Content-Type: text/plain; charset="iso-8859-1"
(case |
when one.keyvar is null then two.keyvar } = {
coalesce(one.keyvar,two.keyvar)
else one.keyvar |
end) as keyvar |
-----Original Message-----
From: David Rubanowice [mailto:rubanowice.d@GHC.ORG]
Sent: Tuesday, November 12, 2002 11:04 AM
To: SAS-L@LISTSERV.UGA.EDU
Subject: Re: SQL, join or union or...
proc sql;
create table comlist1 as
select (case
when one.keyvar is null then two.keyvar
else one.keyvar
end) as keyvar,
(case
when one.keyvar is null then 2
when two.keyvar is null then 1
else 3
end) as membership
from (select distinct keyvar from ds1) as one
full join
(select distinct keyvar from ds2) as two
on one.keyvar = two.keyvar;
quit;
>>> Talbot Katz <TopKatz@MSN.COM> 11/08/02 01:48PM >>>
Hey, gang.
Must be time for another one of my stupid sql stumpers (stumping me -- not
you!). I want a combined list of unique keys from two different files.
That's easy enough to do with a union --
proc sql;
create table comlist1 as
select * from
(select distinct keyvar from ds1)
union corr
(select distinct keyvar from ds2);
quit;
but, of course, I'm never satisfied with something quite so simple. I want
to add a membership flag -- 1 if keyar is in ds1 only, 2 if keyvar is in
ds2 only, 3 if keyvar is in both datasets. I do this frequently with data
step merges as follows :
proc sort data = ds1 (keep = keyvar) out = ds1k nodupkey;
by keyvar;
run;
proc sort data = ds2 (keep = keyvar) out = ds2k nodupkey;
by keyvar;
run;
data comlist2;
merge ds1k (in = in1) ds2k (in = in2);
by keyvar;
keep keyvar membership;
if in1 then do;
if in2 then do;
membership = 3;
end;
else do;
membership = 1;
end;
end;
else if in2 then do;
membership = 2;
end;
run;
I have a way of doing this with proc sql, but it's extremely clunky. To
begin with, it requires that keyvar is a fixed length character variable.

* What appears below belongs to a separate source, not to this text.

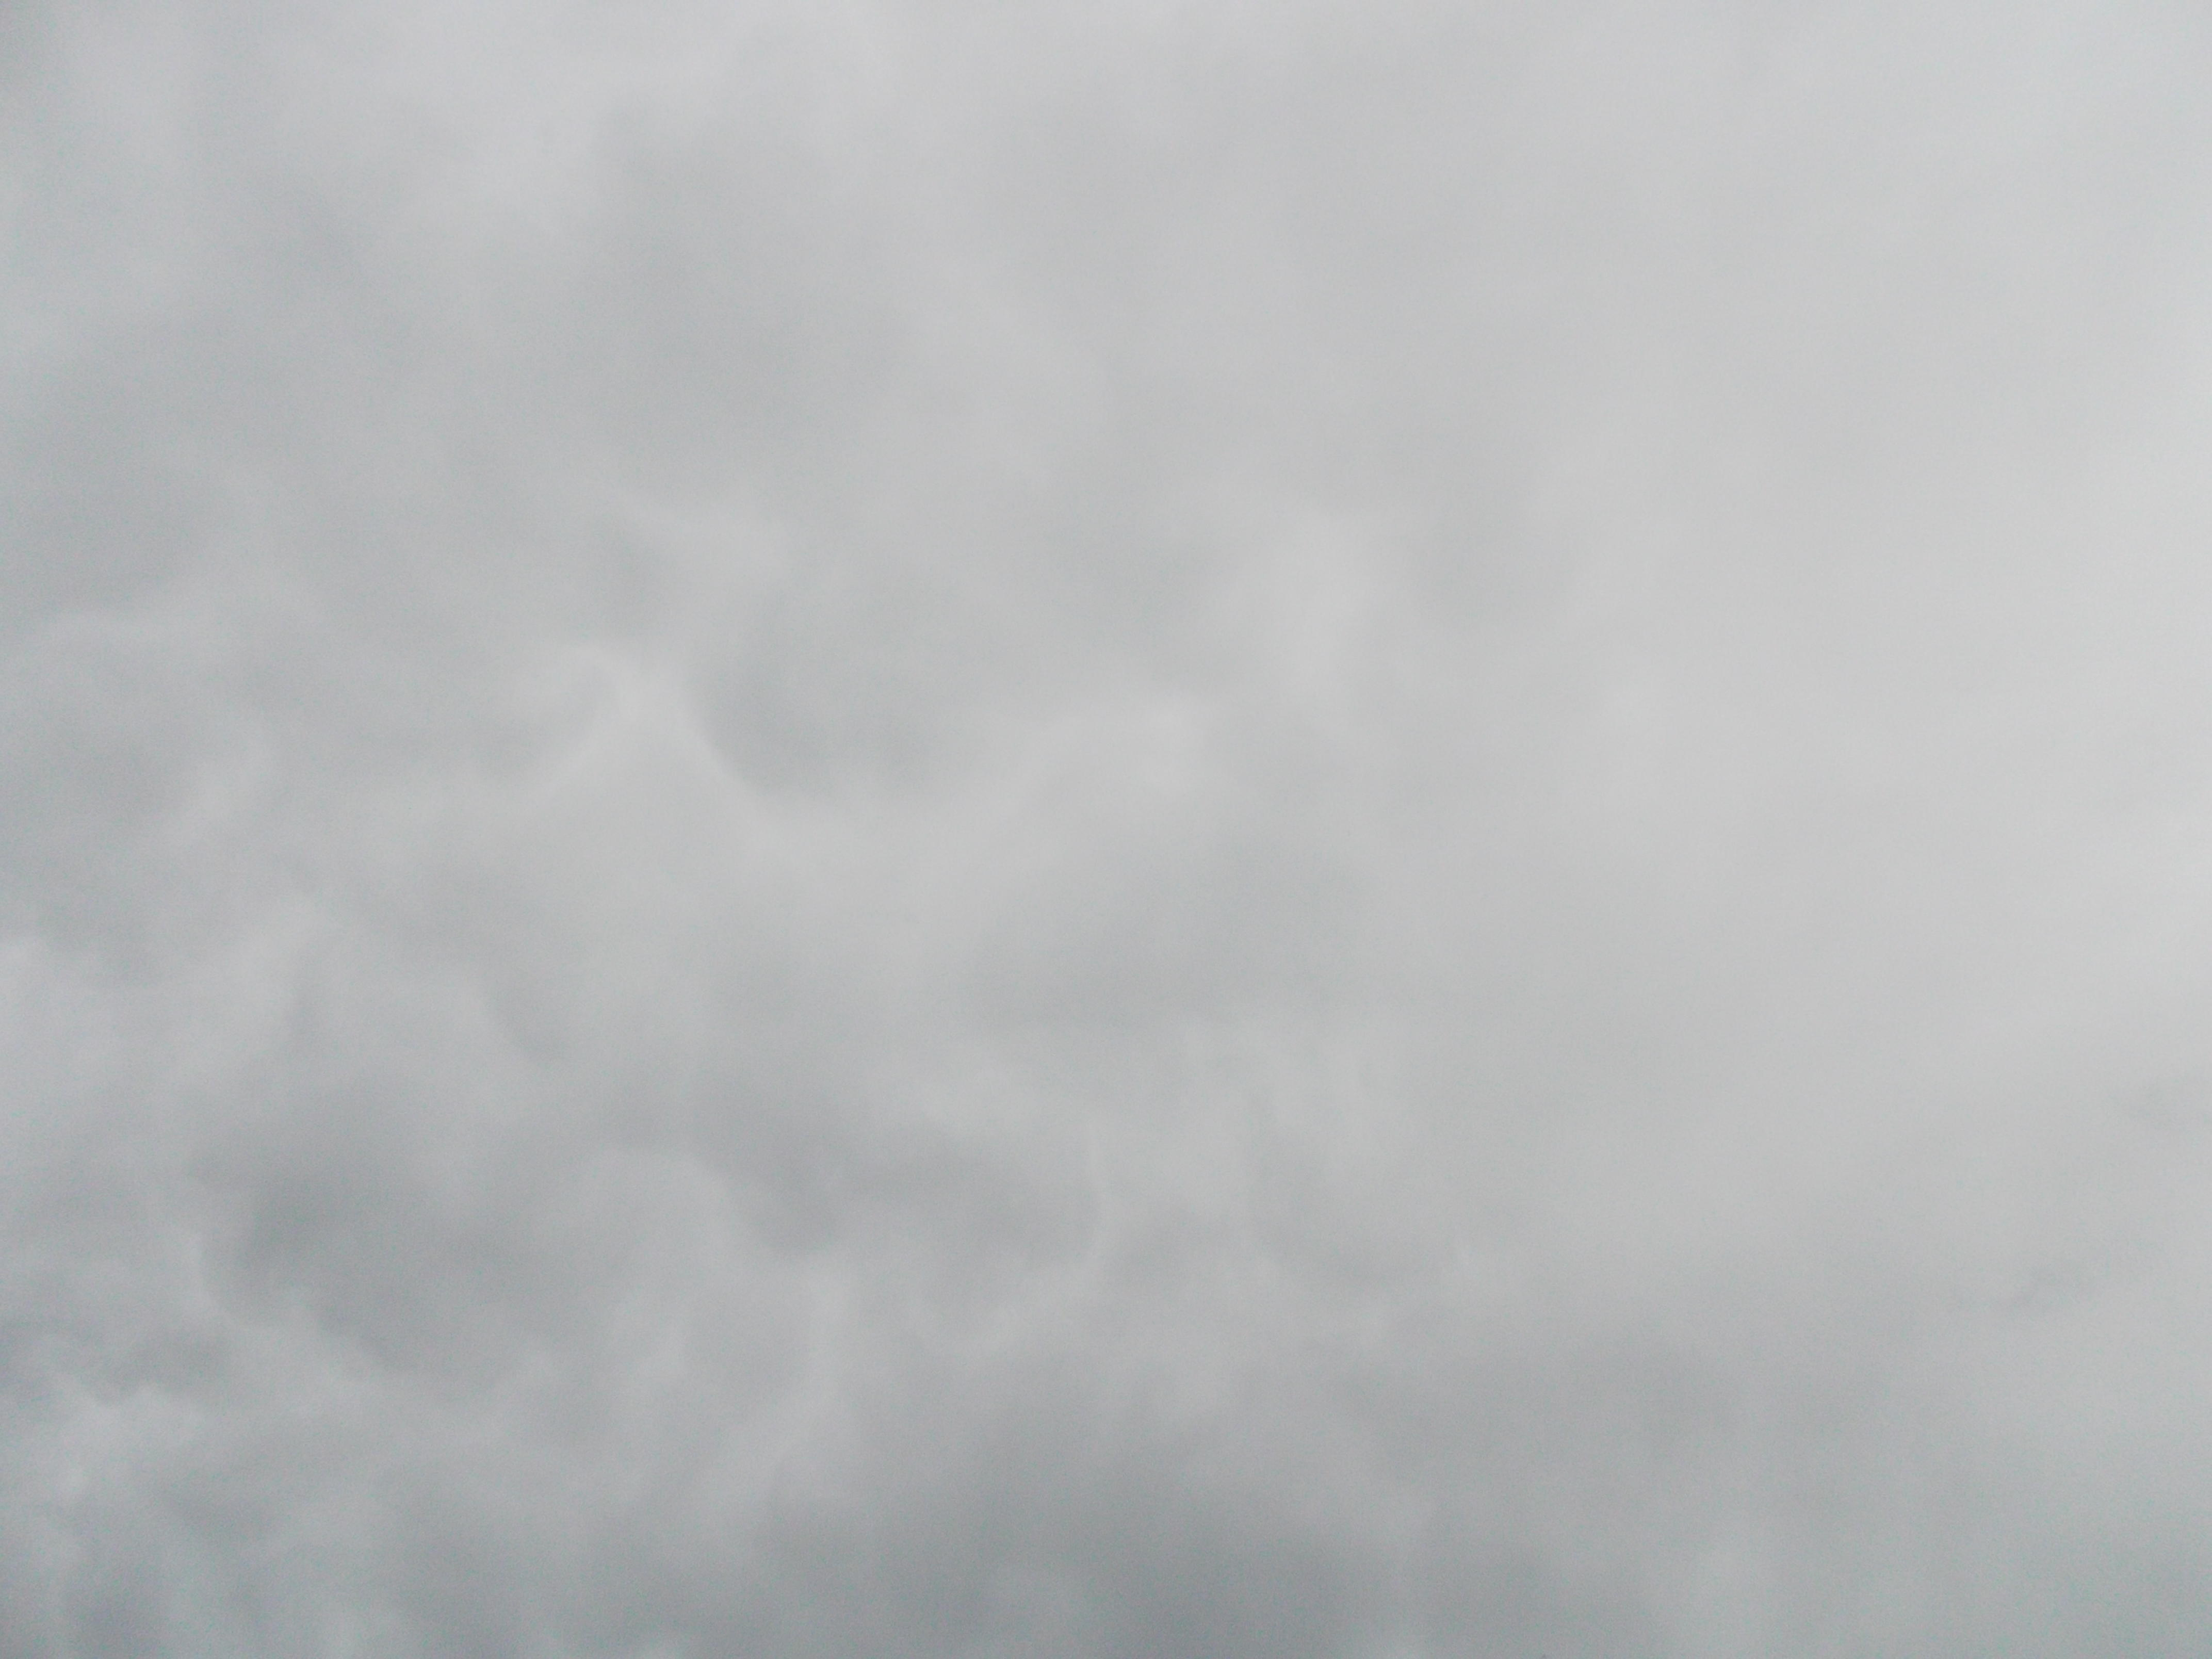 2013-03-22 Longitude -0.360578 Latitude 49.168919 Altitude 29 Heure 15h23

Then, you'll see that it concatenates the keyvar values from the two files,
and lops off one of them (If the keyvar is numeric or non fixed length,
some times I can force it to behave.)
* &lk holds the fixed length of keyvar ;
proc sql;
reset noprint;
create table comlist3 as
select distinct substr(compress(ds1.keyvar || ds2.keyvar),1,&lk.) as
keyvar,
sum(ds1.membership,ds2.membership) as membership
from
(select distinct keyvar, 1 as membership from ds1k) ds1
full join
(select distinct keyvar, 2 as membership from ds2k) ds2
on ds1.keyvar = ds2.keyvar;
quit;
It seems to me there should be a way of doing this where the keyvar value
is the value from whichever data set it comes from on records which don't
match, and the matched value on records that do match.
Thanks!
-- TMK --